La soirée s’achève par LE pourquoi j’étais venu, la dédicace. J’étais venu pour ça…Et pourtant, au vu de ce que je viens de vivre, cela devient un détail. Un détail important certes, mais un peu comme la fameuse « cerise sur le gâteau ». Là encore, l’auteur est hyper accessible: on prend des photos, il fait notre dédicace, on papote quelques minutes, et on se serre la main. Quel plaisir fut cette soirée les amis 🙂

Un verre de vin (enfin un soda pour moi) plus tard, et la dame que j’ai rencontrée me propose de me ramener à la gare.

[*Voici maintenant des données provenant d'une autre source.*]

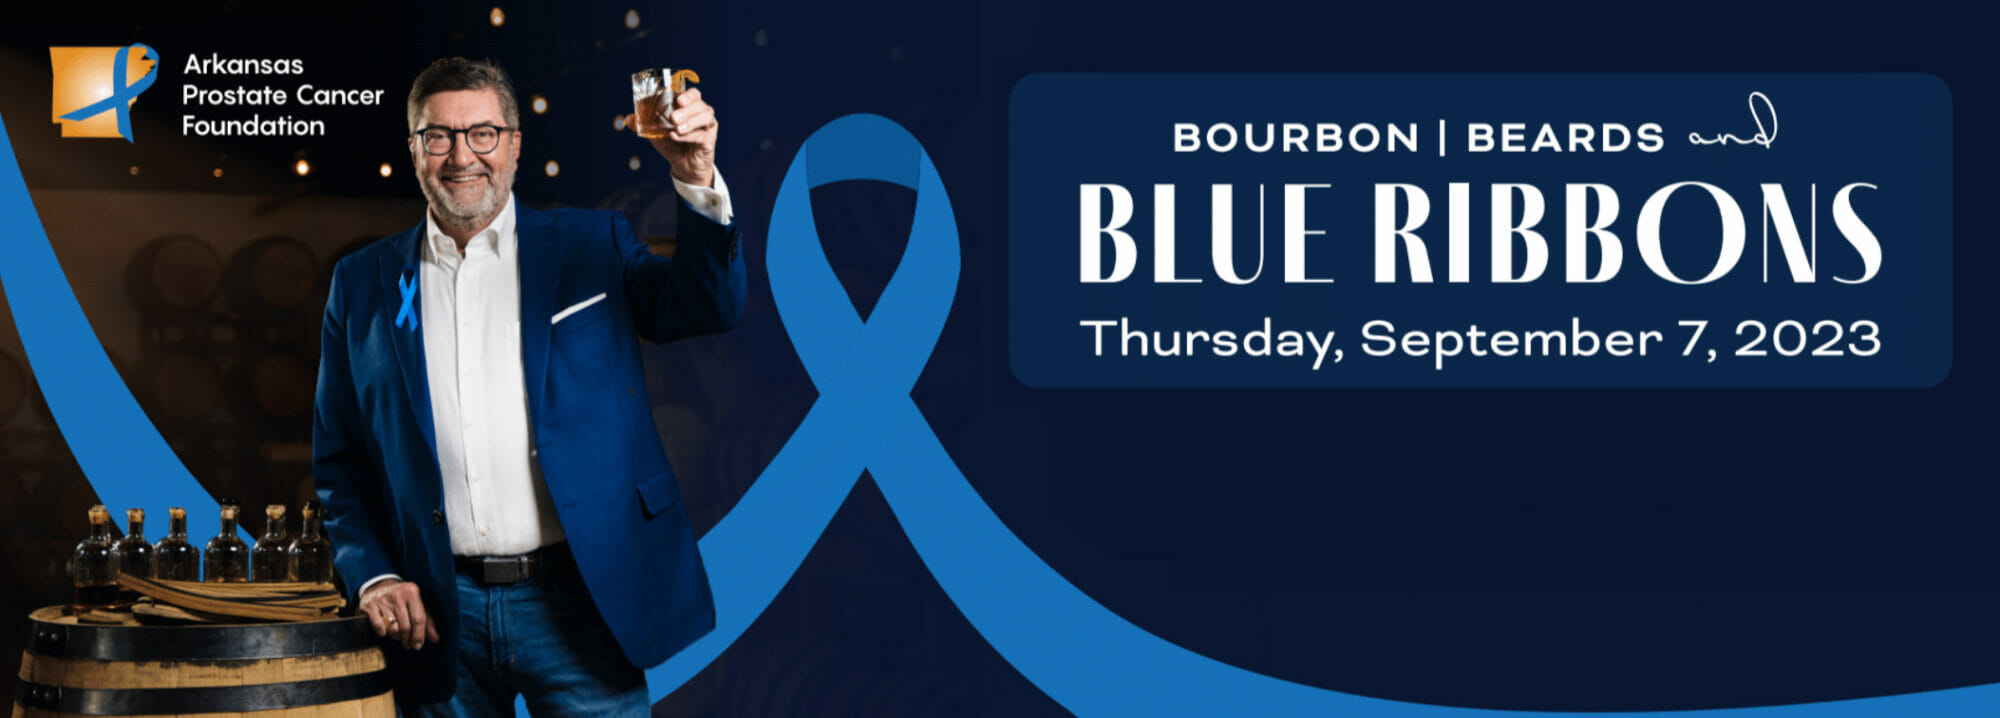 Bourbon Beards & Blue Ribbons 2023

Je ne vous décrirais pas de nouveau mon voyage retour, à peine préciserais-je que c’est en attendant mon train que les émotions retombent et que l’on se repasse les bons moments dans sa tête. Il est 21h15, j’attends mon train retour, je suis crevé mais satisfait et…Oui, même si le mot est fort, heureux.

À 23h, je suis dans mon lit, avec mon nouveau bouquin sur la table de nuit.  Et c’est avec plein de merveilleux souvenirs que je m’endors.

 

Voilà, j’avais dit quelques lignes, mais j’espère avoir su trouver les mots juste pour vous retransmettre ce que j’ai vécu en cette journée 🙂 Je recommencerais demain sans hésiter et si vous n’avez jamais fait ce genre de rencontre, je vous y encourage vivement!